The Monoclonal Antibody Medications in inflammatory Arthritis: stopping or continuing in pregnancy (MAMA) trial

Research Question

In pregnant women with Autoimmune Inflammatory Arthritis (AIA) (population), does continuing biological disease modifying anti-rheumatic drugs (bDMARDs) (intervention), compared with stopping bDMARDs before the third trimester of pregnancy (comparator) result in better arthritis symptom control (outcome), during and up to six months after the end of pregnancy?

Background

AIAs are devastating, potentially joint destroying conditions, affecting 1-2% of people. AIA includes rheumatoid arthritis (RA), psoriatic arthritis (PsA), axial spondyloarthritis (AxSpA) and juvenile idiopathic arthritis (JIA). These AIA conditions collectively affect many women during their reproductive years, and many women with these chronic conditions wish to plan pregnancy.

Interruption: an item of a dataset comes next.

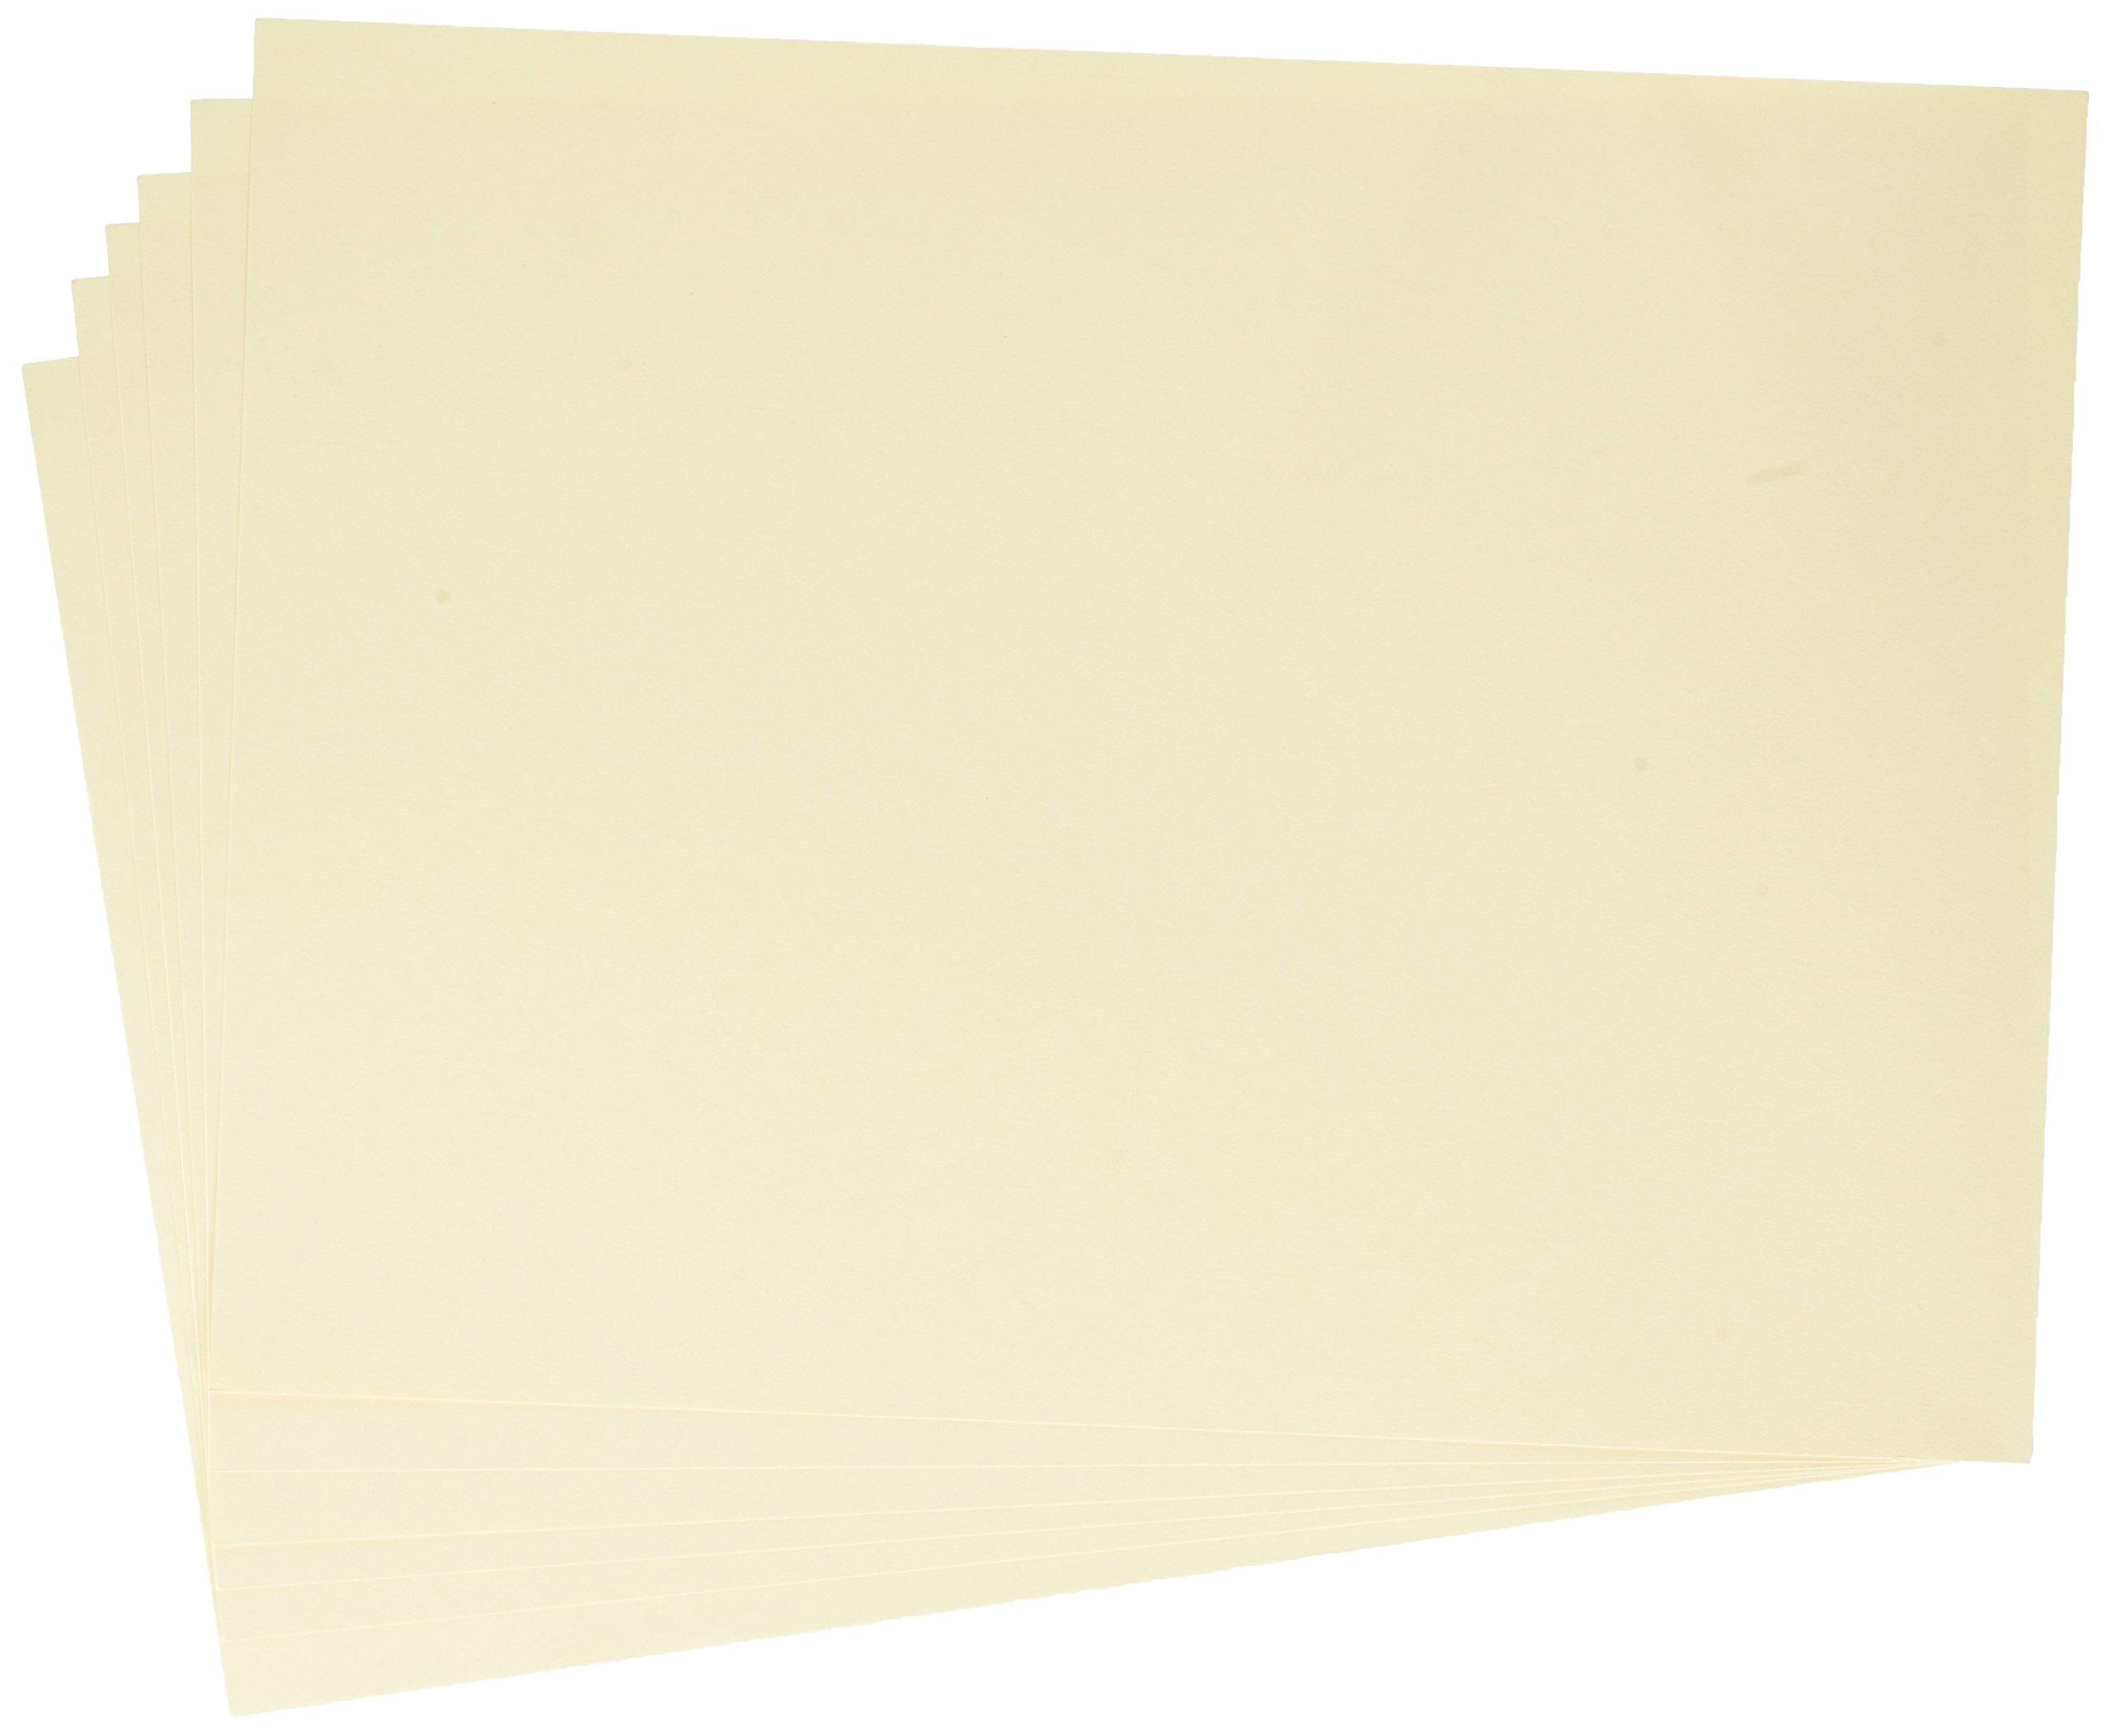 School Smart Tagboard - Medium Weight - 9 x 12 - 100 Sheets - Manila

The Monoclonal Antibody Medications in inflammatory Arthritis (MAMA) trial is designed to address the significant uncertainty surrounding the effects of continuing or stopping bDMARDs during pregnancy. Aims and Objectives

Aim: To investigate whether continuing bDMARDs in pregnancy compared to stopping before the third trimester is clinically and cost-effective in women with AIA and their infants.

Primary objective: To compare the peak of disease activity from randomisation up to 6 months after the end of pregnancy in pregnant women with AIA randomised to continue bDMARDs versus those randomised to stopping bDMARDs before the third trimester of pregnancy. Secondary objectives:

• To compare peak of disease activity up to 12 months after the end of pregnancy, arthritis disease activity up to 6 months after the end of pregnancy, pregnancy outcomes up to hospital discharge after the end of pregnancy and neonatal outcomes in babies.

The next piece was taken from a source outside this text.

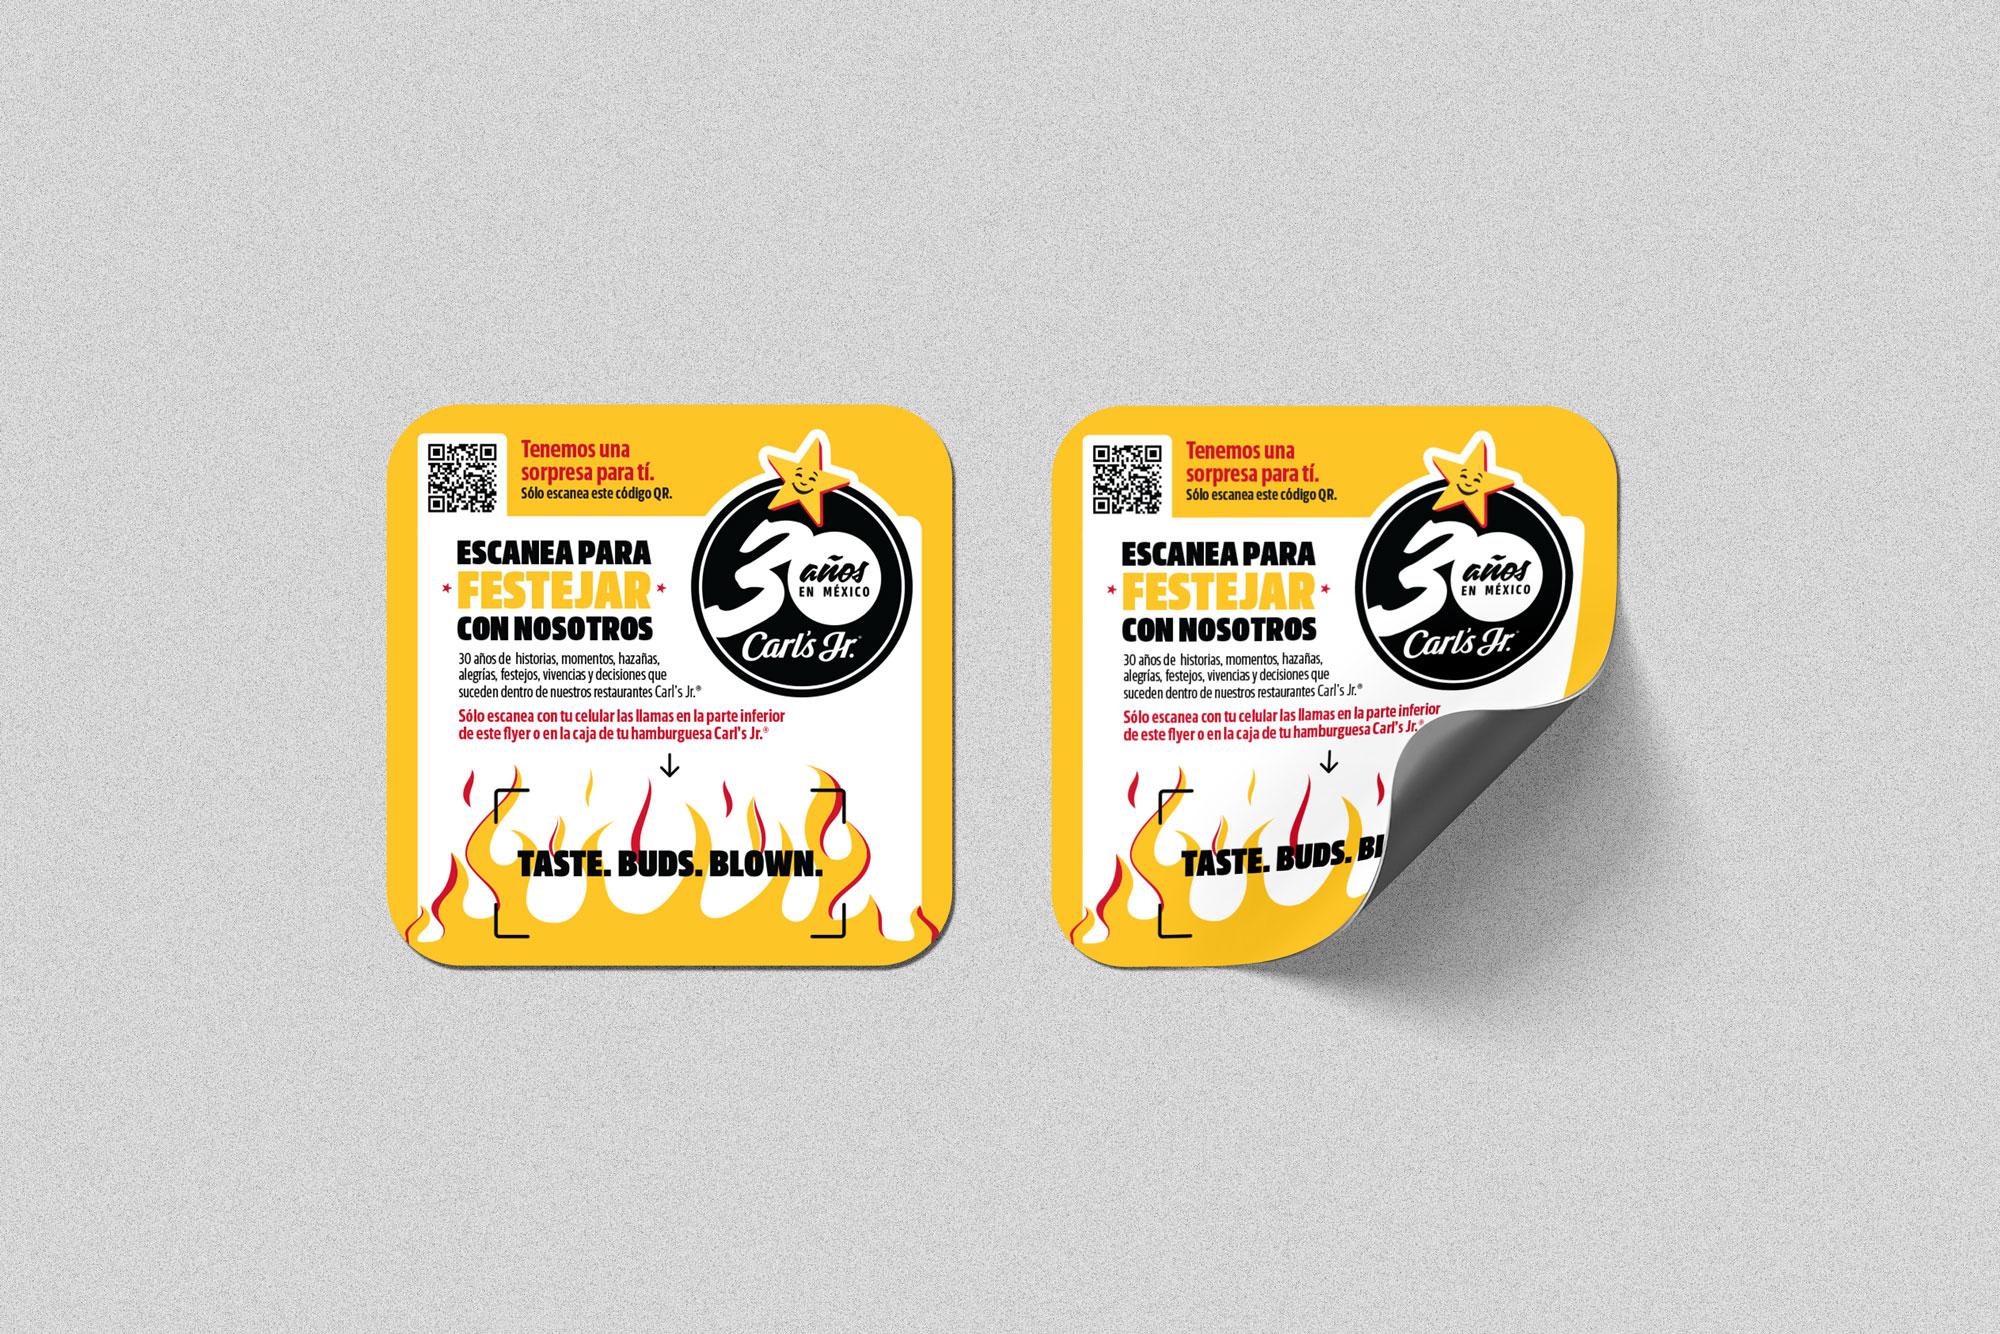 carlsjr_30-aniversario_sticker_mesa_cuadrados-25cm

• To investigate infant and child outcomes, including key long-term outcome of child development at 24 months of age, infections up to 24 months of age, and immune function (including response to vaccines) at 2, 5 and 13 months.

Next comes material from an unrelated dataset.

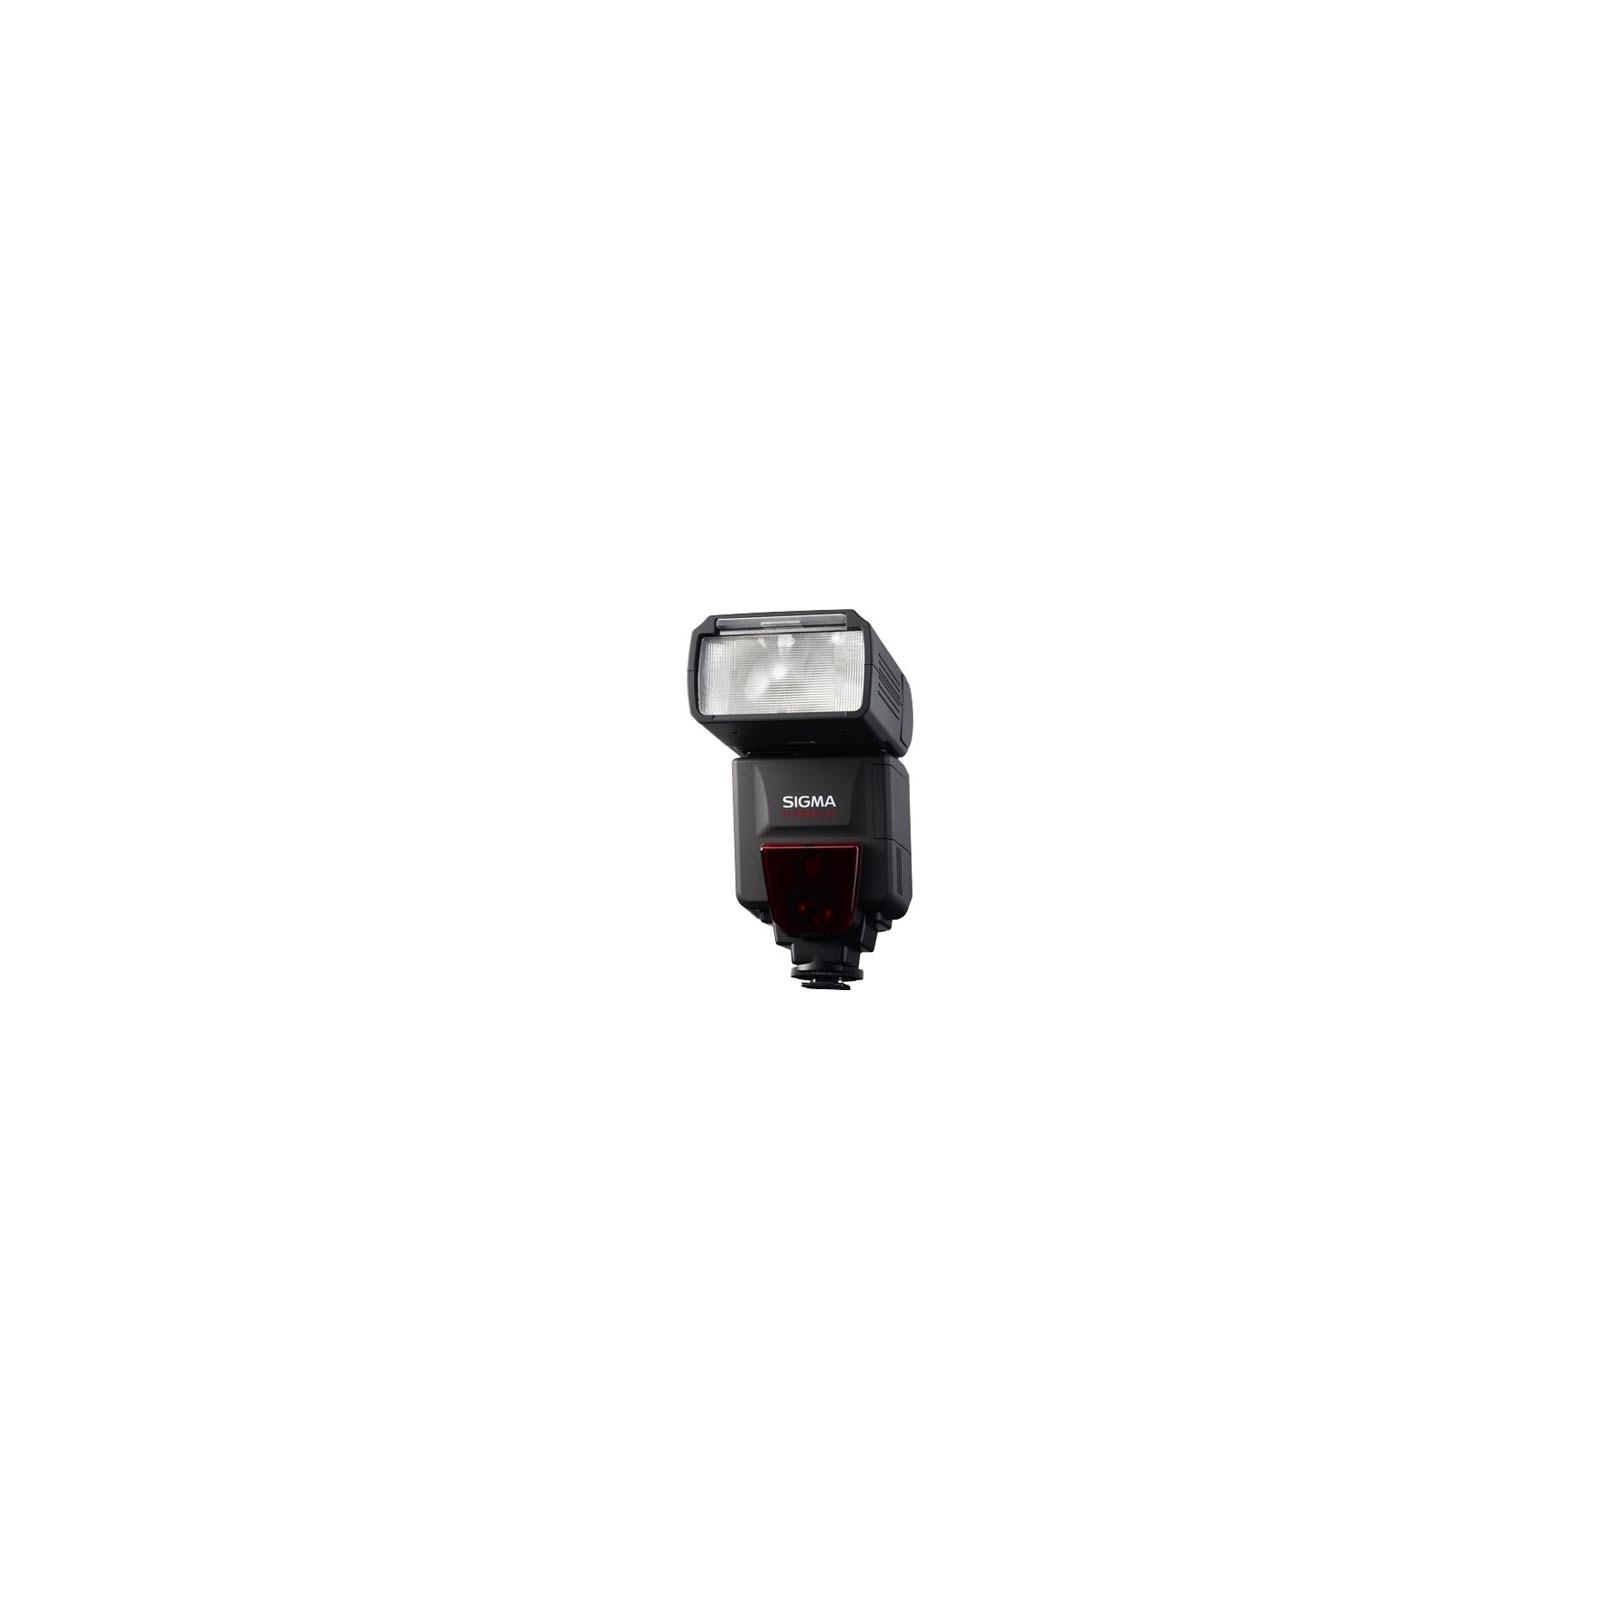 Вспышка EF-610 DG Super for Canon Sigma (F18927)

• To examine using an economic evaluation, whether any additional benefits associated with continuing bDMARDs are justified by any additional health care resources needed up to 24 months after the end of pregnancy. Methods

Design: MAMA is a multicentre, pragmatic, two-arm, parallel-group, unblinded randomised controlled trial, with an internal pilot and an integrated health economic analysis, co-designed with lived experience contributors. Intervention: Continuing bDMARDs throughout pregnancy.

Comparator: Stopping bDMARDs before the third trimester (28 weeks) of pregnancy and restarting no earlier than 2 weeks after the end of pregnancy. Setting: 35 obstetric units with a maternal medicine service. Population: Pregnant women at less than 28 completed weeks’ gestation prescribed a regularly dosed bDMARD for AIA.

Outcomes

Primary outcome: Peak disease activity as measured by highest self-reported RAPID3 score post-randomisation up to 6 months after the end of pregnancy.

Secondary outcomes: Disease activity, pregnancy, neonatal and child outcomes, economic evaluation, and woman and clinician acceptability. Sample size: 328 women (164 per trial arm) individually randomised. Timeline

Trial duration of 72 months: 6 months set up; 48 month recruitment; 12 months follow up, 6 months data collection, analysis, reporting Impact and dissemination

This will be the first adequately powered trial to assess the safety and effectiveness of the use of bDMARDs in AIA in pregnancy, for women and their children. Regardless of the trial results, MAMA will lead to more evidence-based practice and cost effective care for women with AIA in pregnancy and will provide important data in infant immune responses after in-utero biologic exposure.

We will disseminate results through journals, conferences, co-designed materials, social media and free online conferences for patients, families and healthcare professionals.